● Exercise data:

----

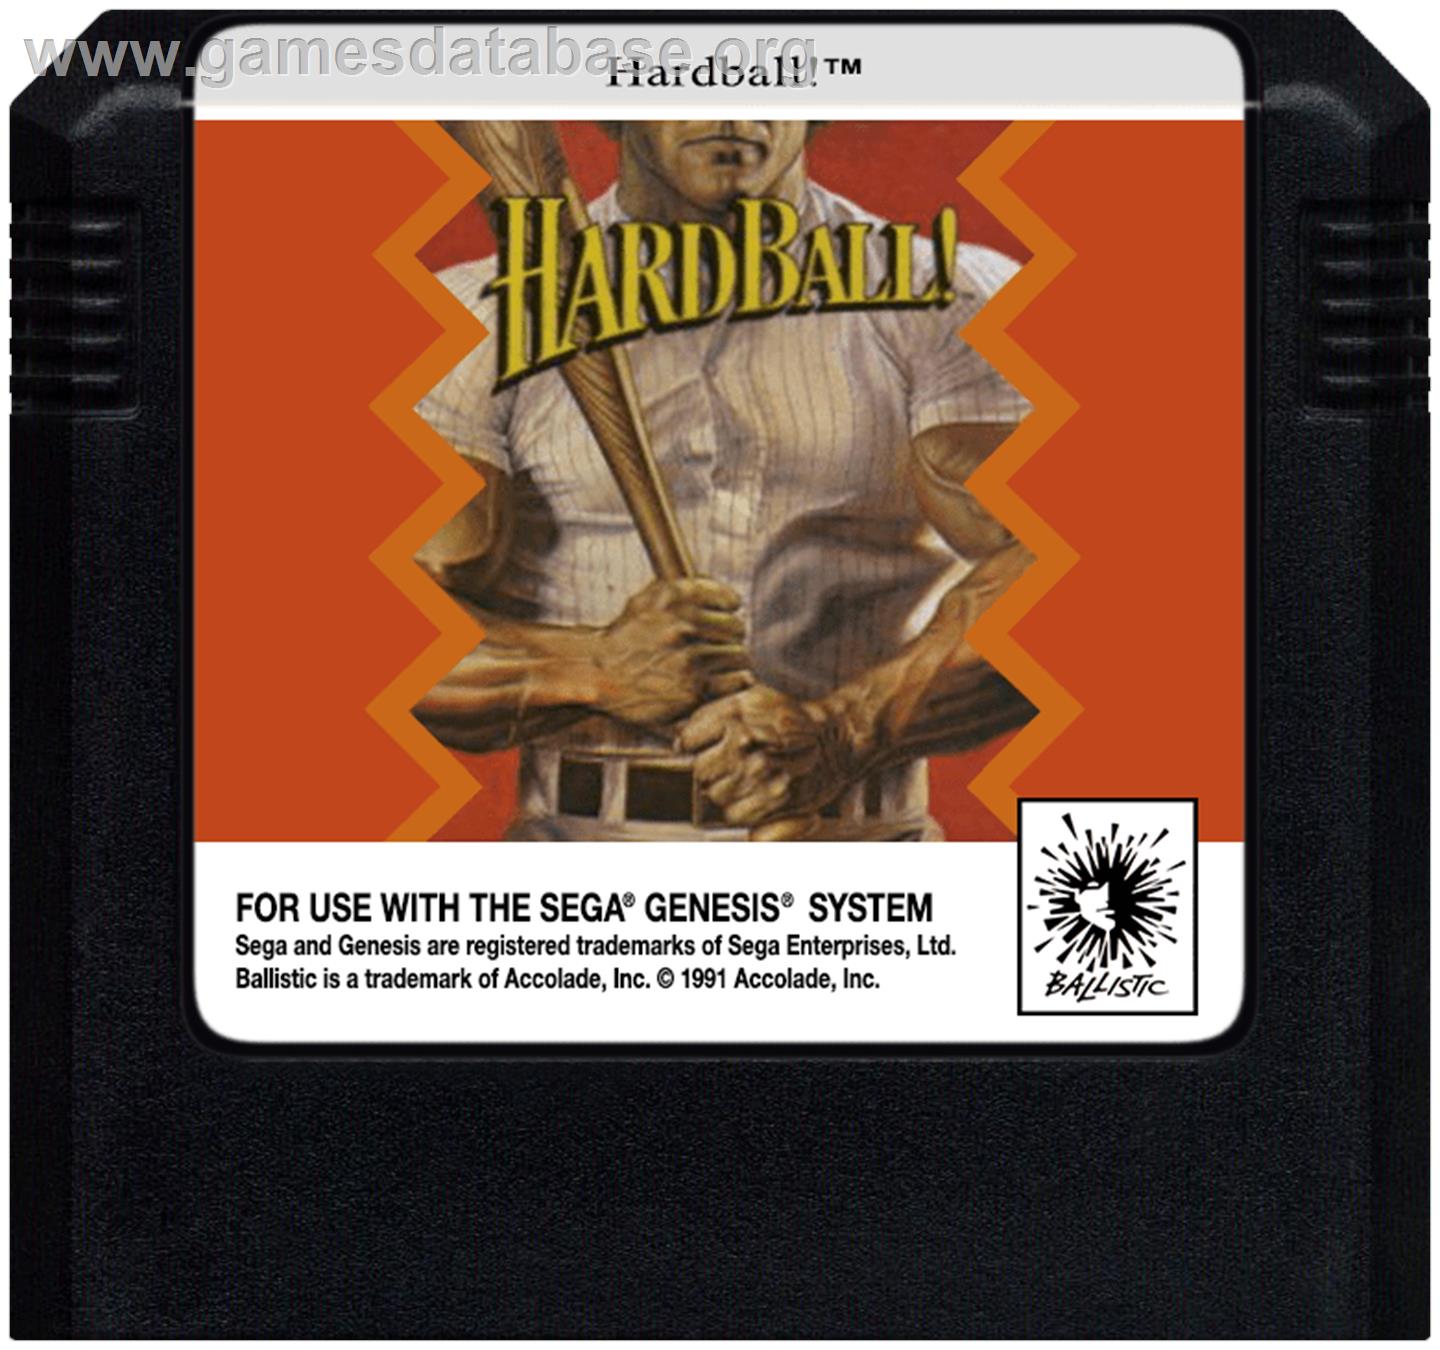 HardBall - Sega Genesis - Artwork - Cartridge
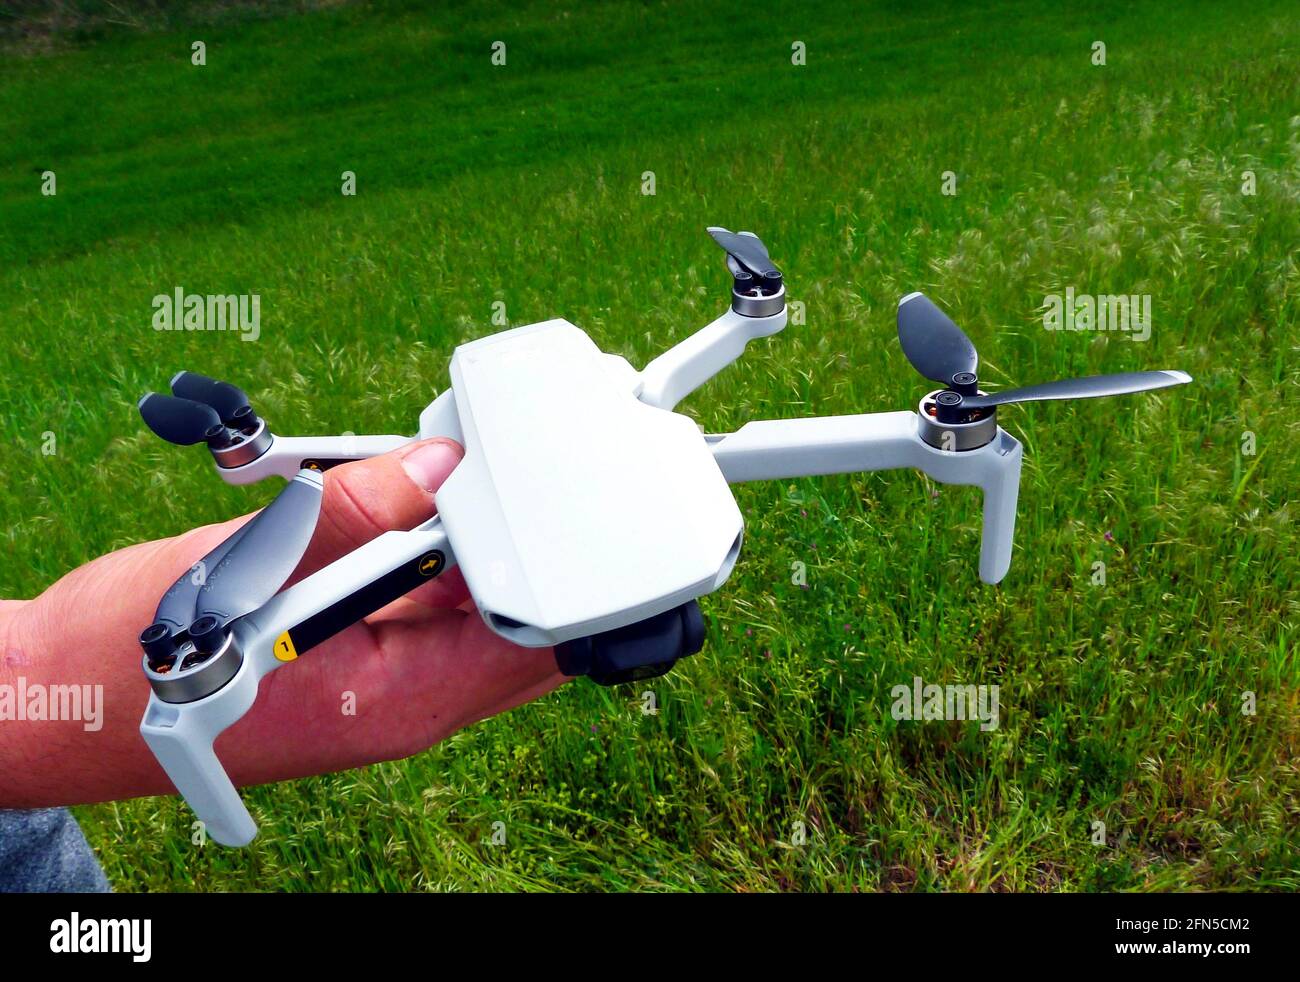 Kleine weiße Kamera-Drohne in männlicher Hand gehalten. Schwarze Propeller. Nahaufnahme. Noch bewegungslose Propeller. Technologie und Luftaufnahmen Stockfoto
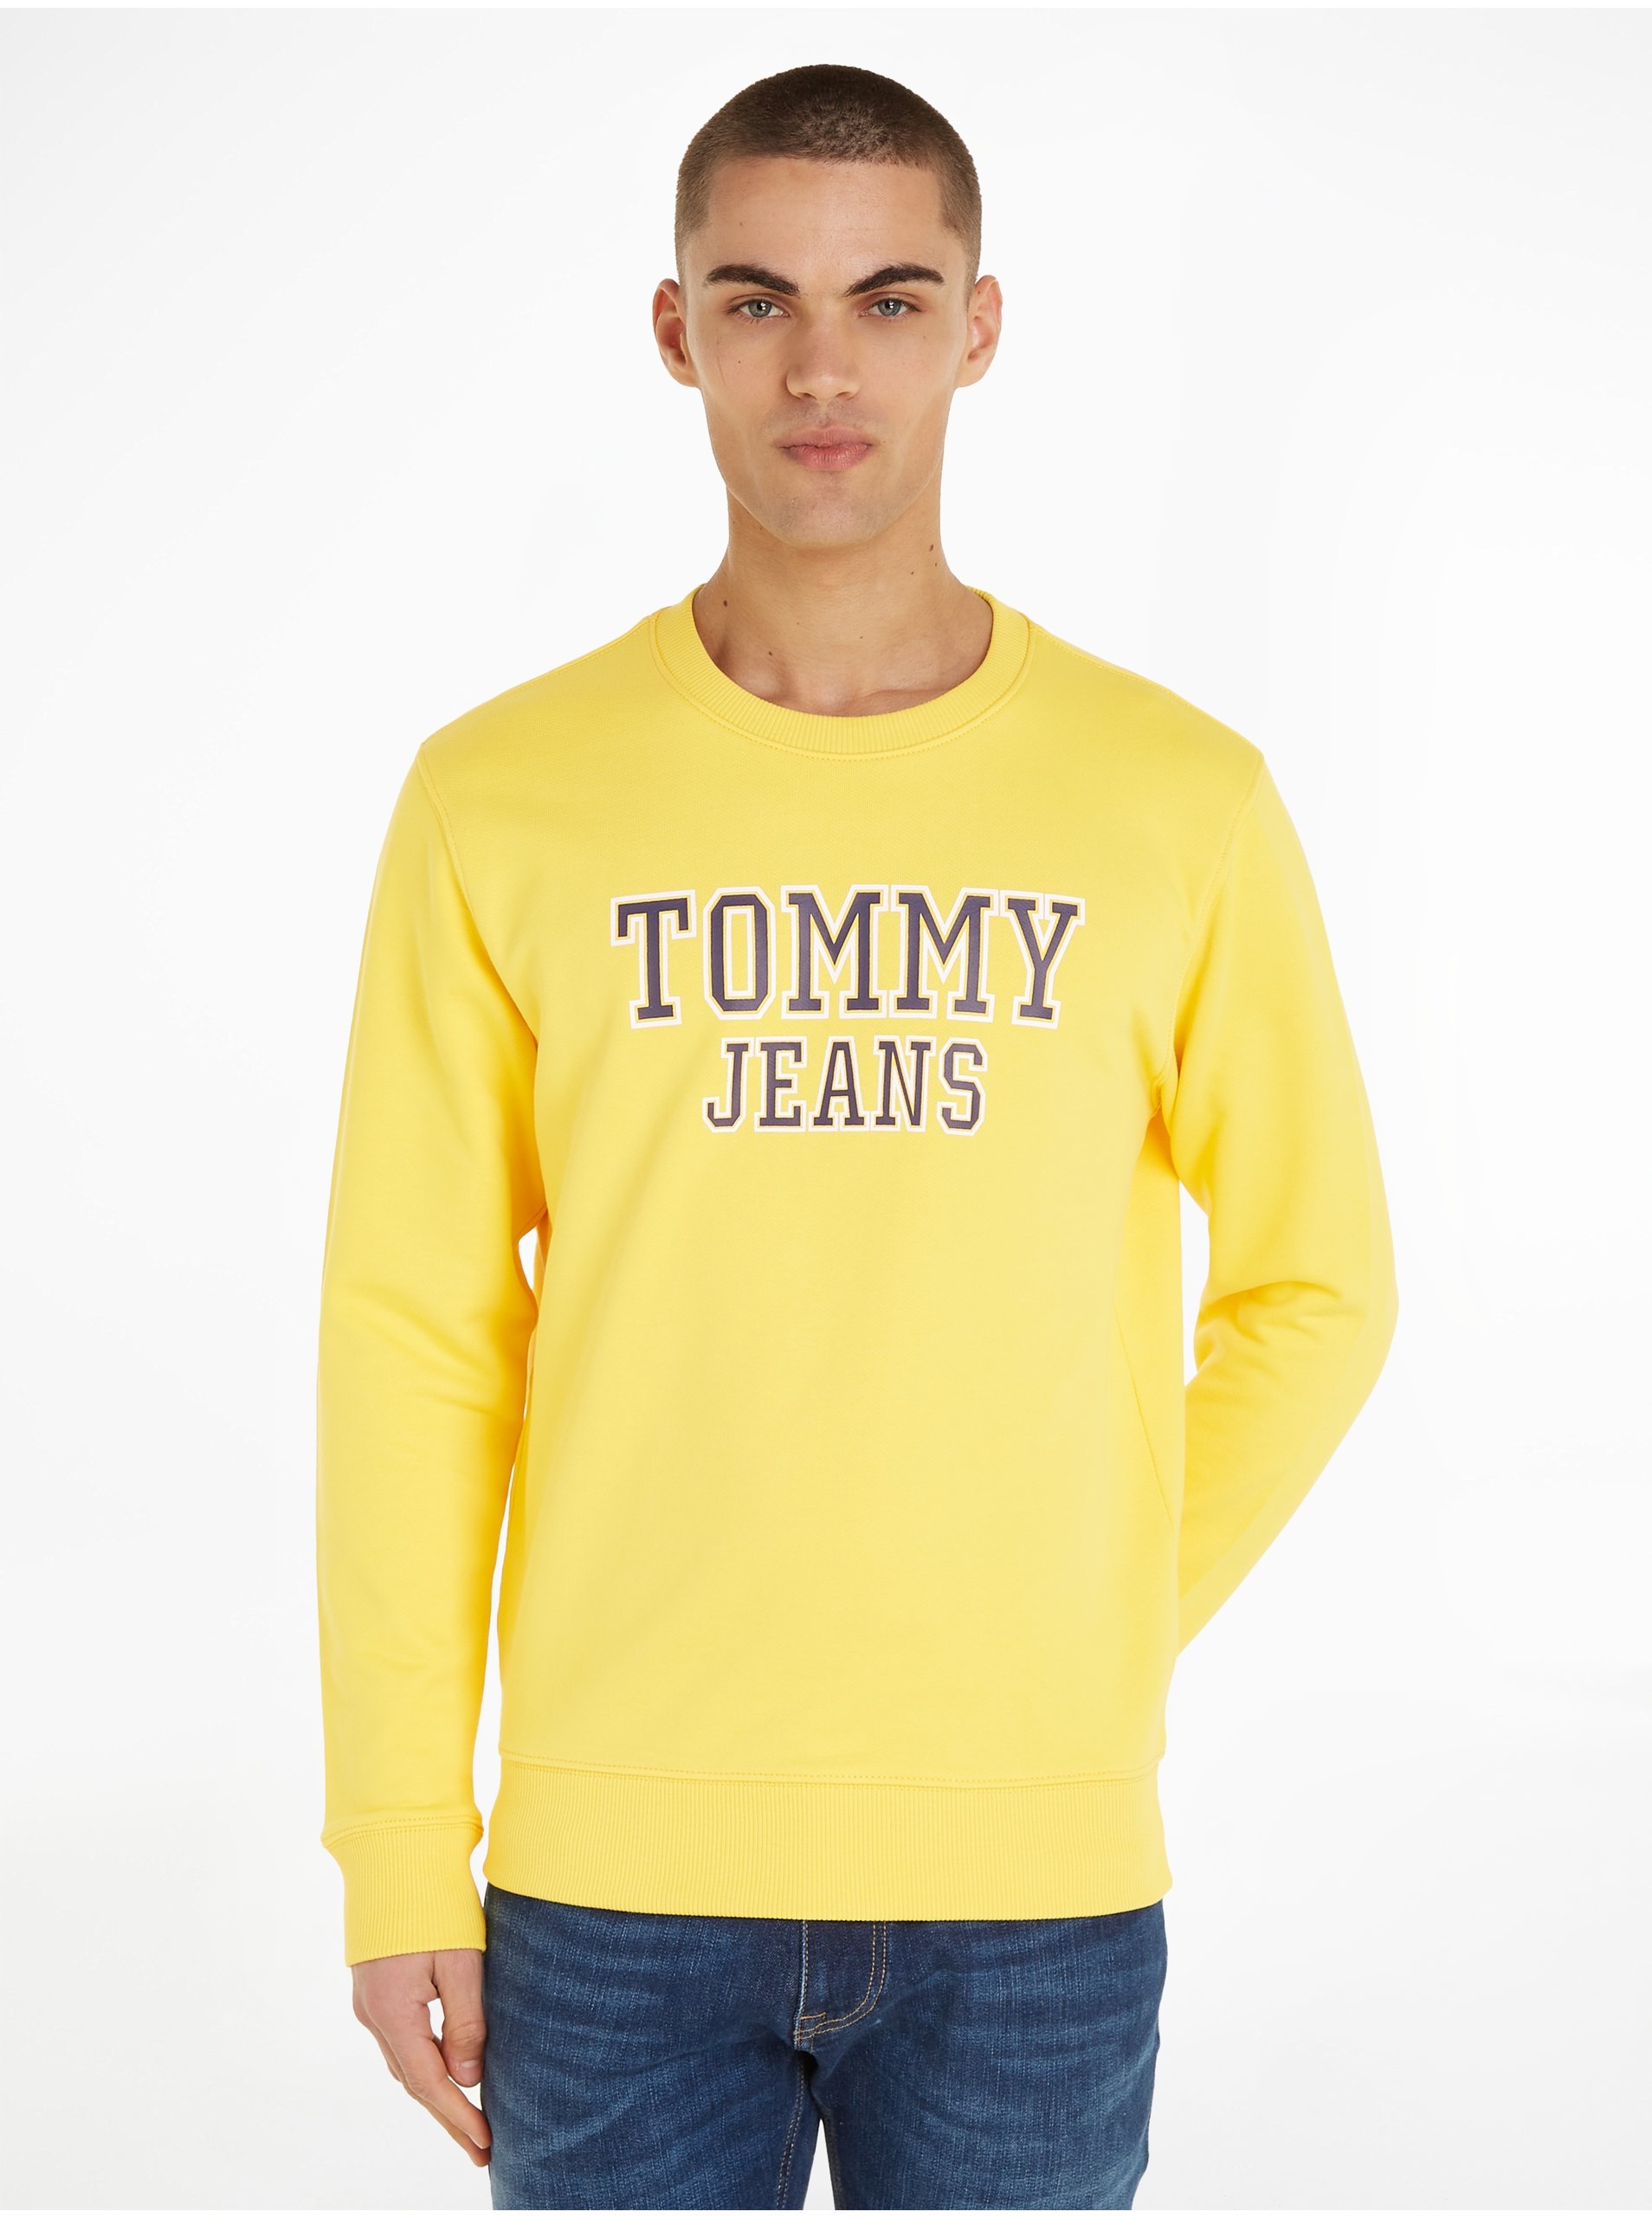 Lacno Mikiny bez kapuce pre mužov Tommy Jeans - žltá

----

● Instructions to follow:
Down to the last line, print the material exactly, but not its pictures.

● Result:
 HardBall - Sega Genesis - Artwork - Cartridge
 Kleine weiße Kamera-Drohne in männlicher Hand gehalten. Schwarze Propeller. Nahaufnahme. Noch bewegungslose Propeller. Technologie und Luftaufnahmen Stockfoto
 Lacno Mikiny bez kapuce pre mužov Tommy Jeans - žltá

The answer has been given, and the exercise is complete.